Let me begin with a personal caveat. Not only has my life essentially spanned that of the digital computer, but my particular area of study, nuclear energy, both stimulated and drove the development of this technology during much of its history.

All of my activities, from research to teaching, from administration to communication, have been influenced by this technology from the earliest days of my career. After all, the objects of my study, whether they were nuclear fission reactors or inertially confined thermonuclear fusion reactions or nuclear rocket engines, were hardly the phenomenon for laboratory study. Instead elaborate computer models were constructed to simulate such systems, relying on sophisticated mathematics, physics, and engineering concepts. Even the fundamental physics was simulated at the microscopic level using Monte Carlo methods or molecular dynamics simulations.

But beyond the science itself, my life as a scholar, teacher, and administrator was reshaped by each new “killer app”

Looking back over my 30 years as a faculty member and academic administrator, it is hard to imagine how I could have functioned without these tools. Hence, you can regard my speculations about the future of the university as those of one whose career paralleled the evolution of this technology.

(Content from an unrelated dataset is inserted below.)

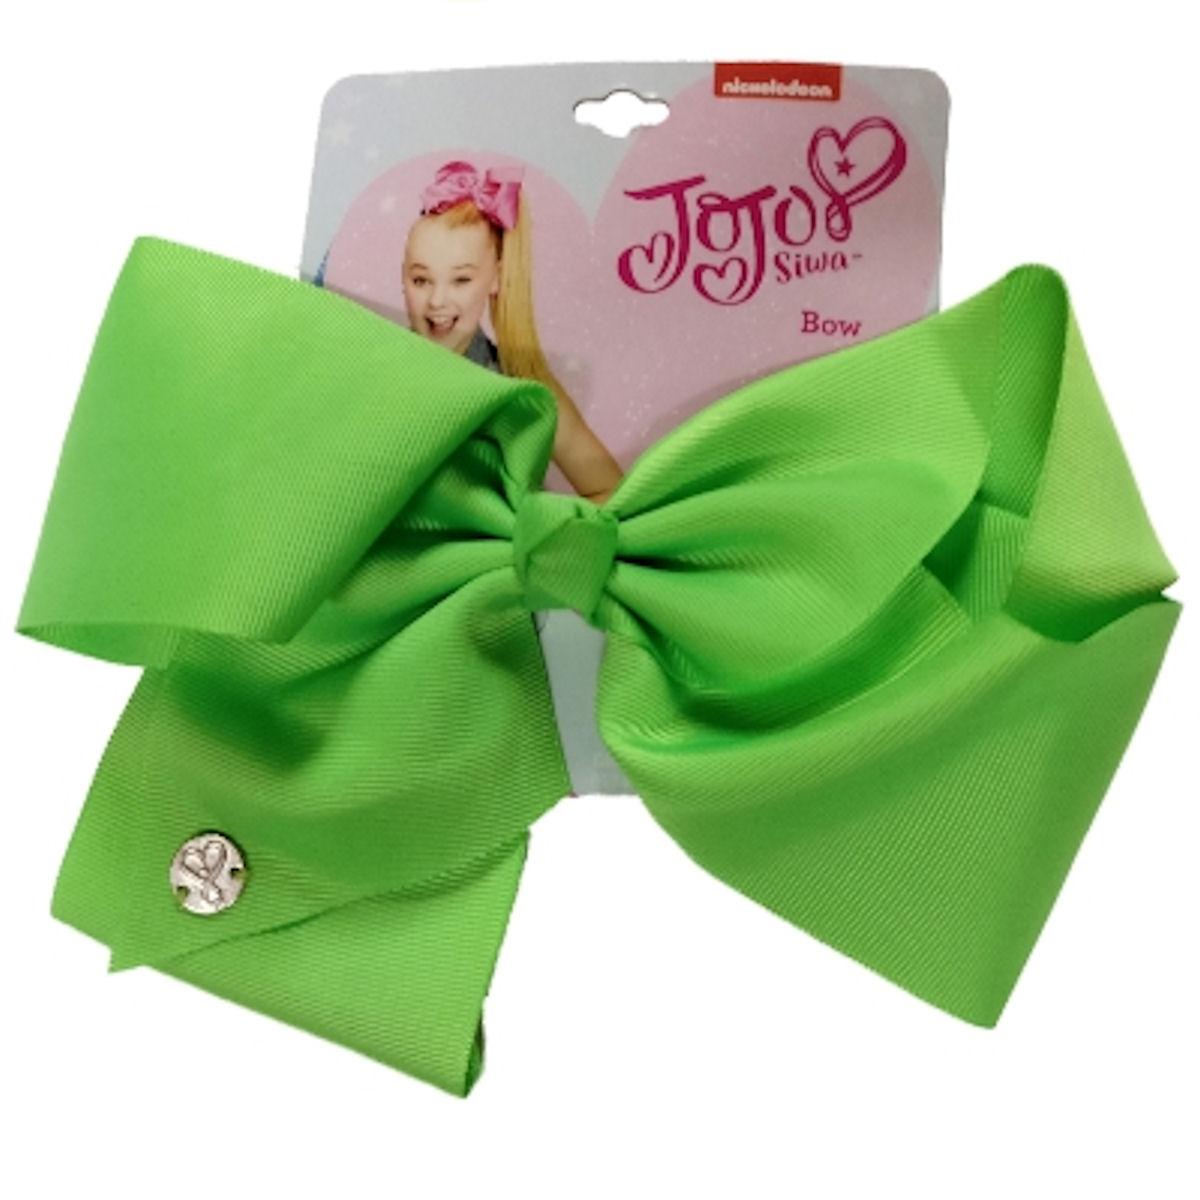 JoJo Siwa Large Cheer Hair Bow (Neon Green)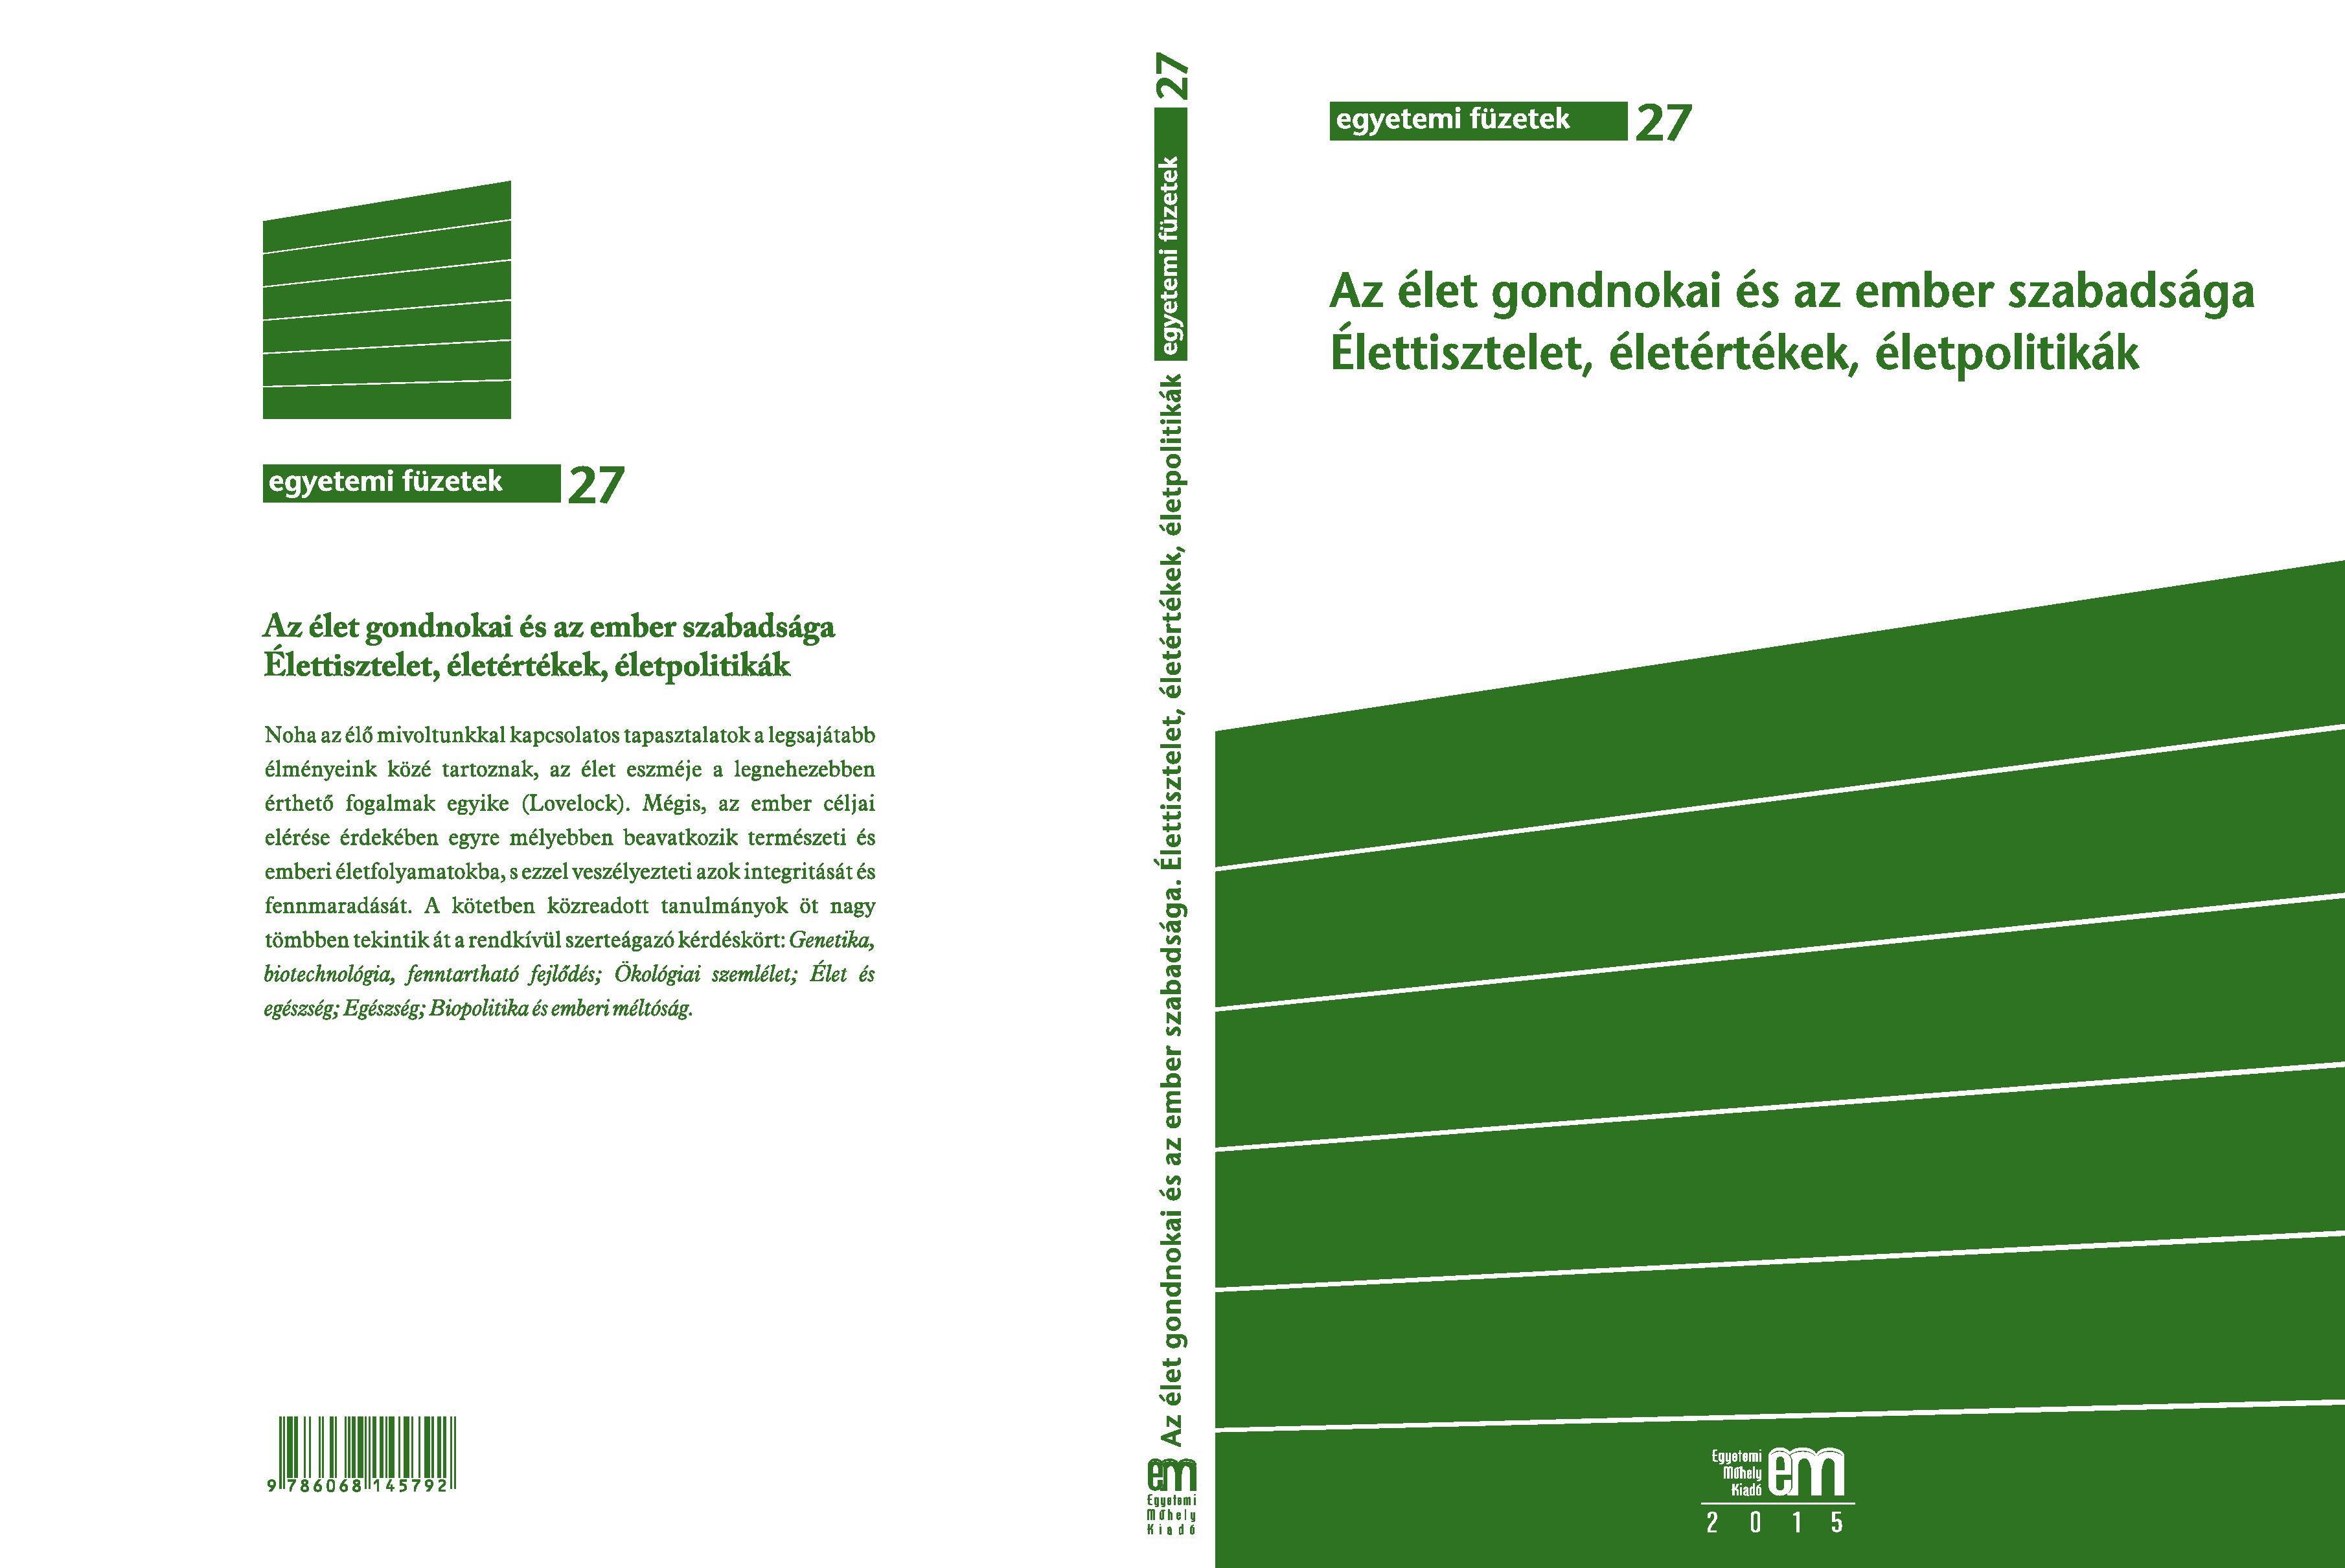 elet gondnokai BT-v2-page-001

Even with this experience, it is difficult to understand and appreciate just how rapidly information technology is evolving. Four decades ago, one of the earliest computers, ENIAC, stood 10 feet tall, stretched 80 feet wide, included more than 17,000 vacuum tubes, and weight about 30 tons. (We have 10% of ENIAC on display as an artifact in the lobby of the computer science department at Michigan.) Today you can buy a musical greeting card with a silicon chip more powerful than ENIAC. Already a modern $1,000 notebook computer has more computing horsepower than a $20 million supercomputer of the early 1990s. For the first several decades of the information age, the evolution of hardware technology followed the trajectory predicted by “Moore’s Law”—that the chip density and consequent computing power for a given price doubles every eighteen months.4 This corresponds to a hundredfold increase in computing speed, storage capacity, and network transmission rates every decade. At such rates, by the year 2020, the thousand-dollar notebook computer will have a computing speed of 1 million gigahertz, a memory of thousands of terabits, and linkages to networks at data transmission speeds of gigabits per second. Put another way, it will have a data processing and memory capacity roughly comparable to the human brain.5

Yet the most dramatic impact on our world today from information technology is not in the continuing increase in computing power. It is in a dramatic increase in bandwidth, the rate at which we can transmit digital information. From the 300 bits-per-second modems of just a few years ago, we now routinely use 10-100 megabit-per-second local area networks in our offices and houses. Gigabit-per-second networks now provide the backbone communications to link local networks together, and with the rapid deployment of fiber optics cables and optical switching, terabit-per-second networks are just around the corner. Already the Internet links together hundreds of millions of people, and estimates are that within a few years, this number will surge to billions, a substantial fraction of the world’s population, driven in part by the fact that most economic activity will be based on digital communication. Bell Laboratories suggests that within two decades a “global communications skin” will have evolved, linking together billions of computers that handle the routine tasks of our society, from driving our cars to watering our lawns to maintaining our health.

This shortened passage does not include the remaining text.